-- Information shown follows --

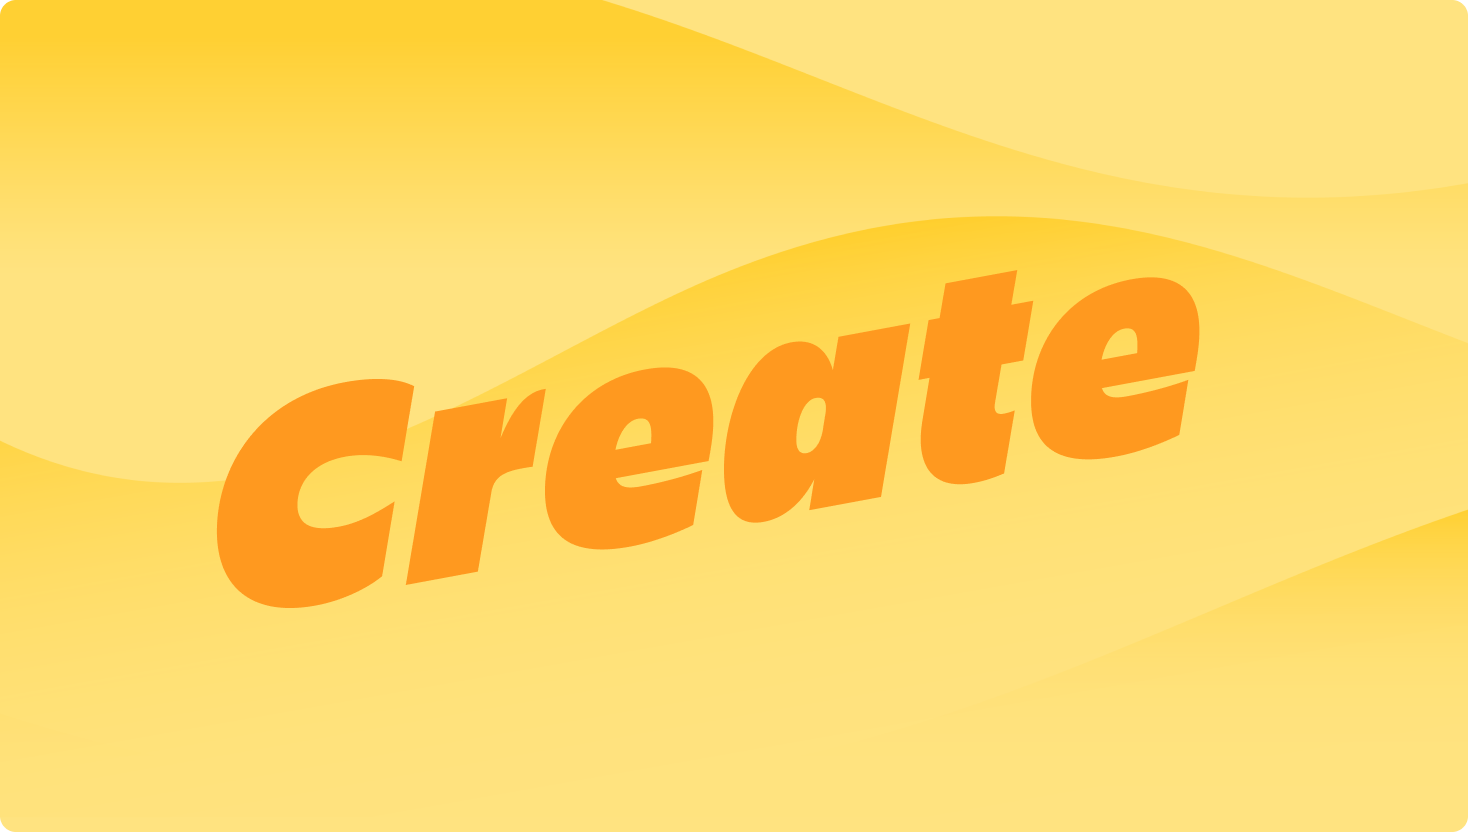 Een afbeelding van een gele golf met het woord Create prominent op de voorgrond
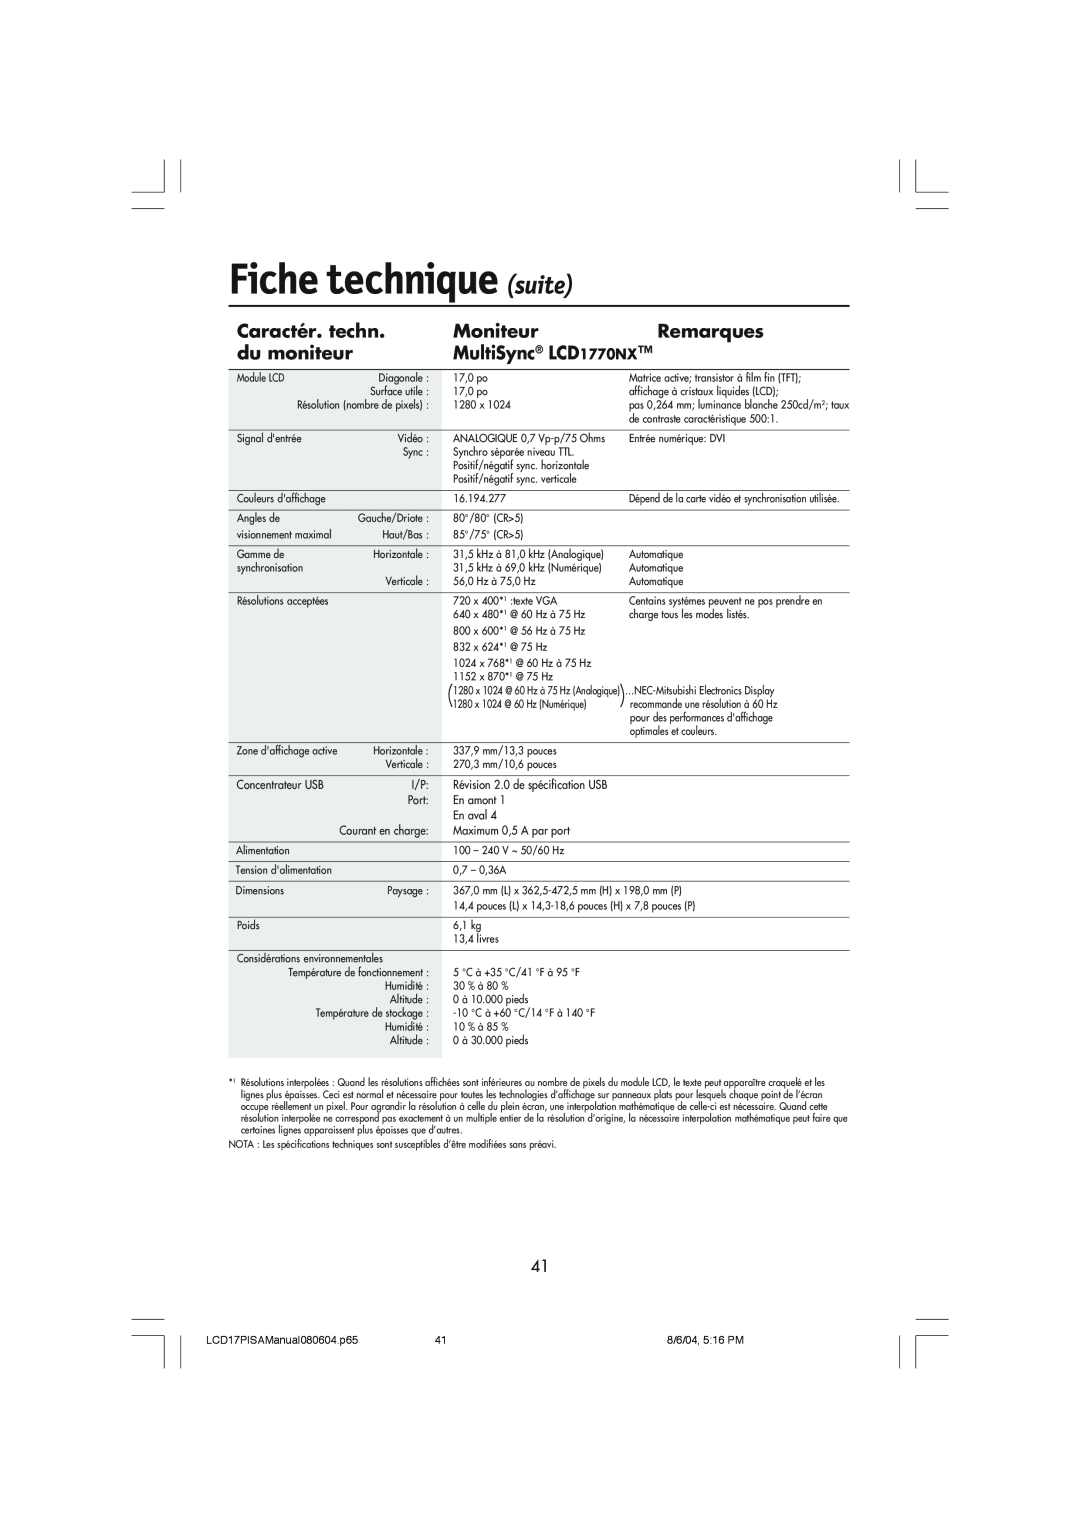 NEC LCD1770V, LCD1770NX, LCD1770NXM user manual Fiche technique suite, Caractér. techn, Moniteur, Remarques, du moniteur 
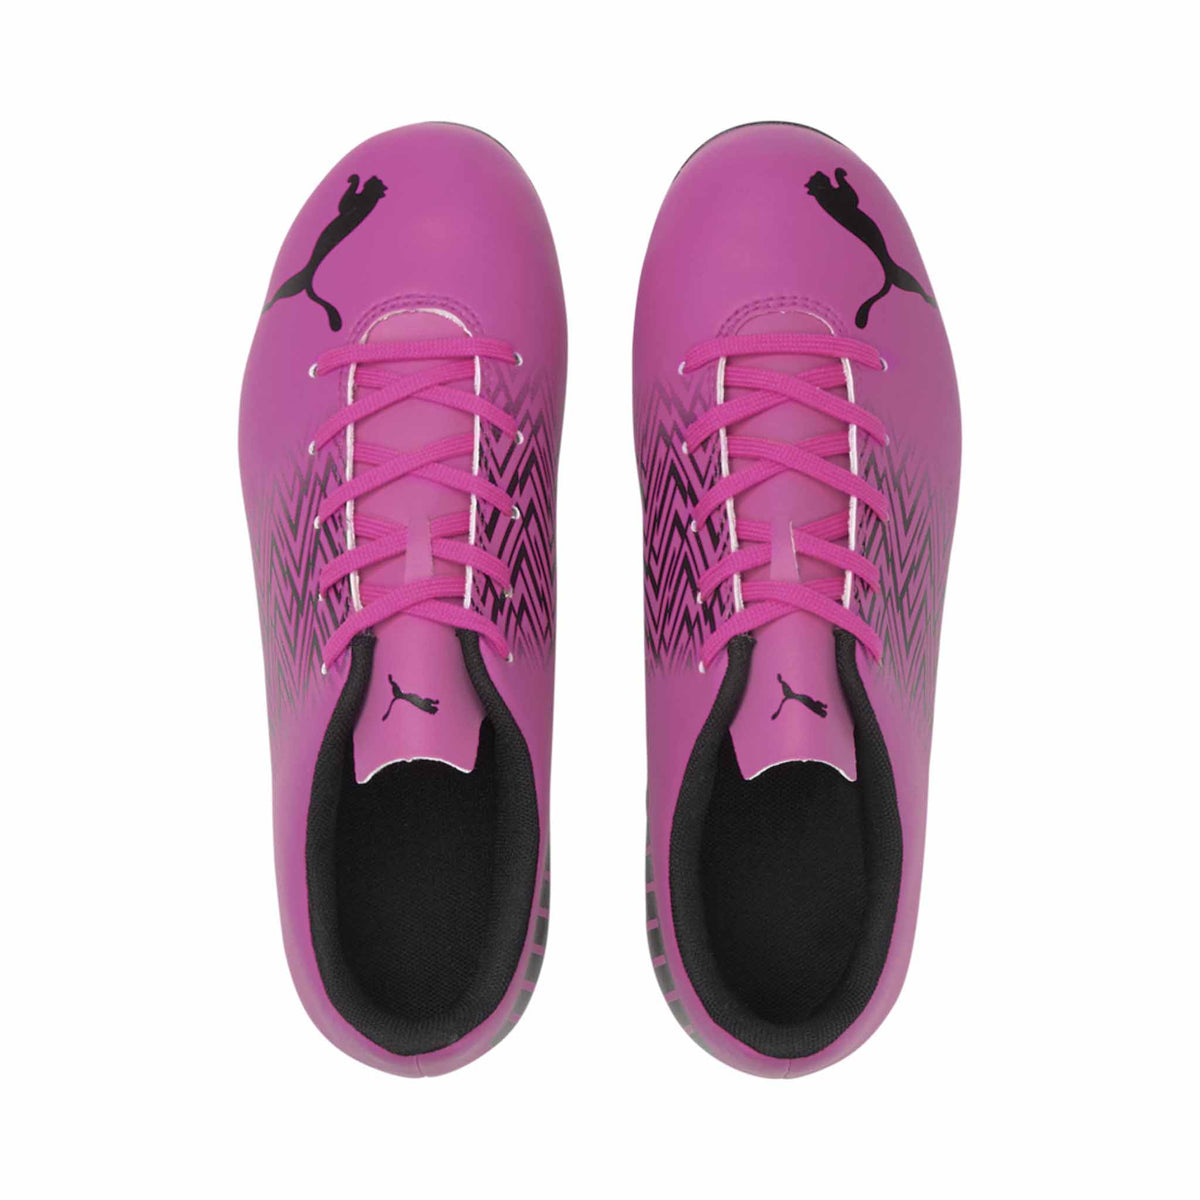 Puma Tacto FG/AG Junior chaussures de soccer enfant Rose / Noir vue de haut
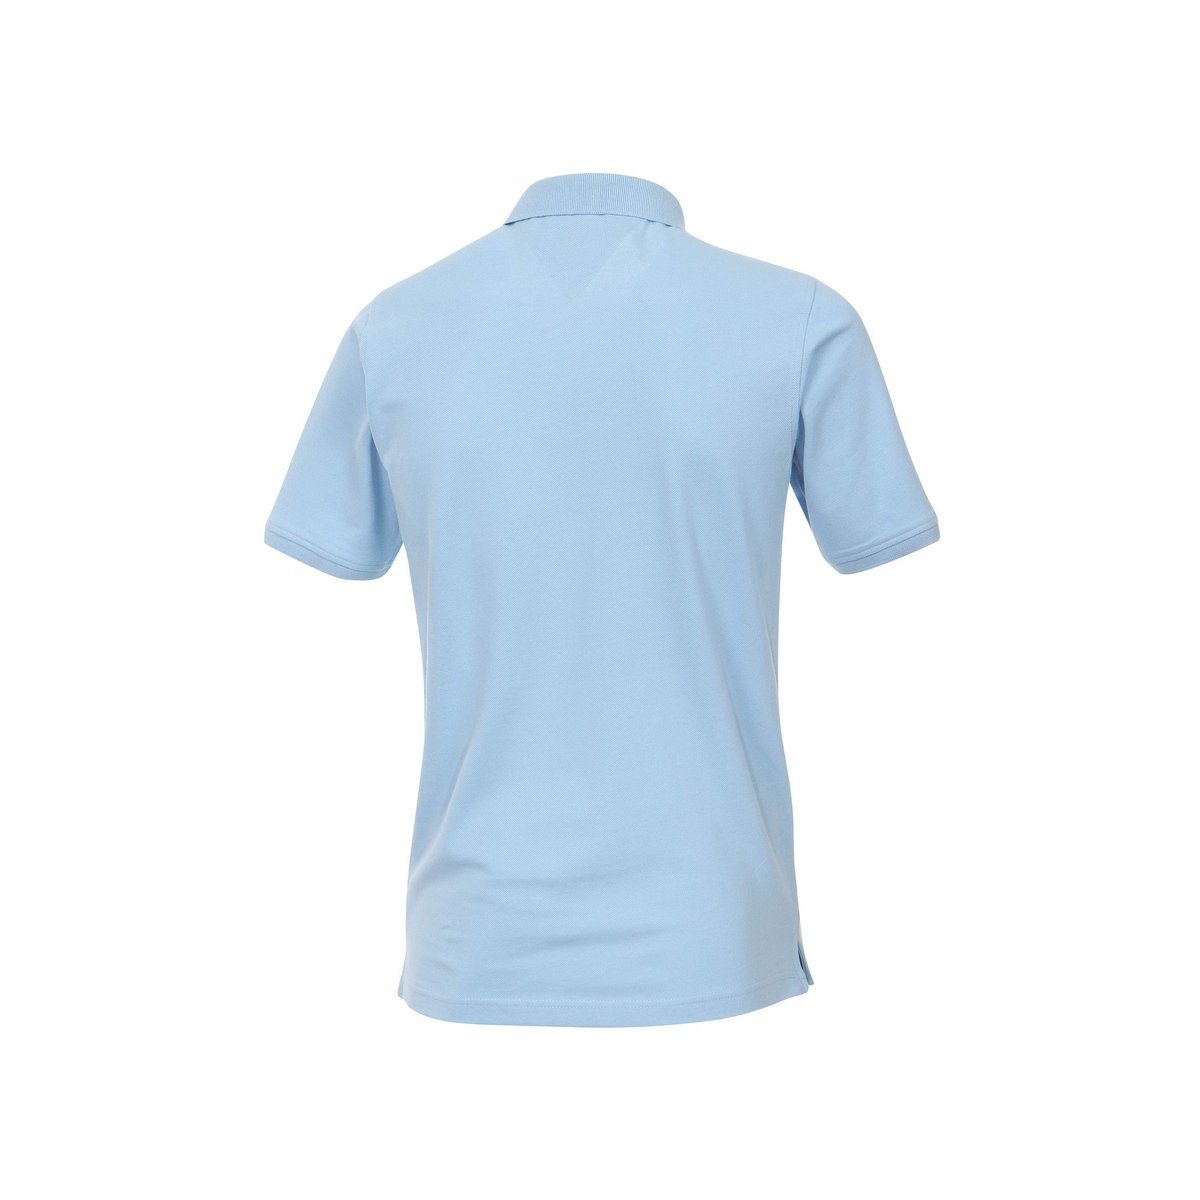 Blau(11) blau (1-tlg) Poloshirt Redmond regular

-- Information shown concluded --

Problem to solve ::
Write out each line of the listing above, exactly, from its first line to the line holding "Puma Tacto FG/AG", inclusive. Skip the pictures.

Your solution ::
 Een afbeelding van een gele golf met het woord Create prominent op de voorgrond
 NEC LCD1770V, LCD1770NX, LCD1770NXM user manual Fiche technique suite, Caractér. techn, Moniteur, Remarques, du moniteur 
 Puma Tacto FG/AG Junior chaussures de soccer enfant Rose / Noir vue de haut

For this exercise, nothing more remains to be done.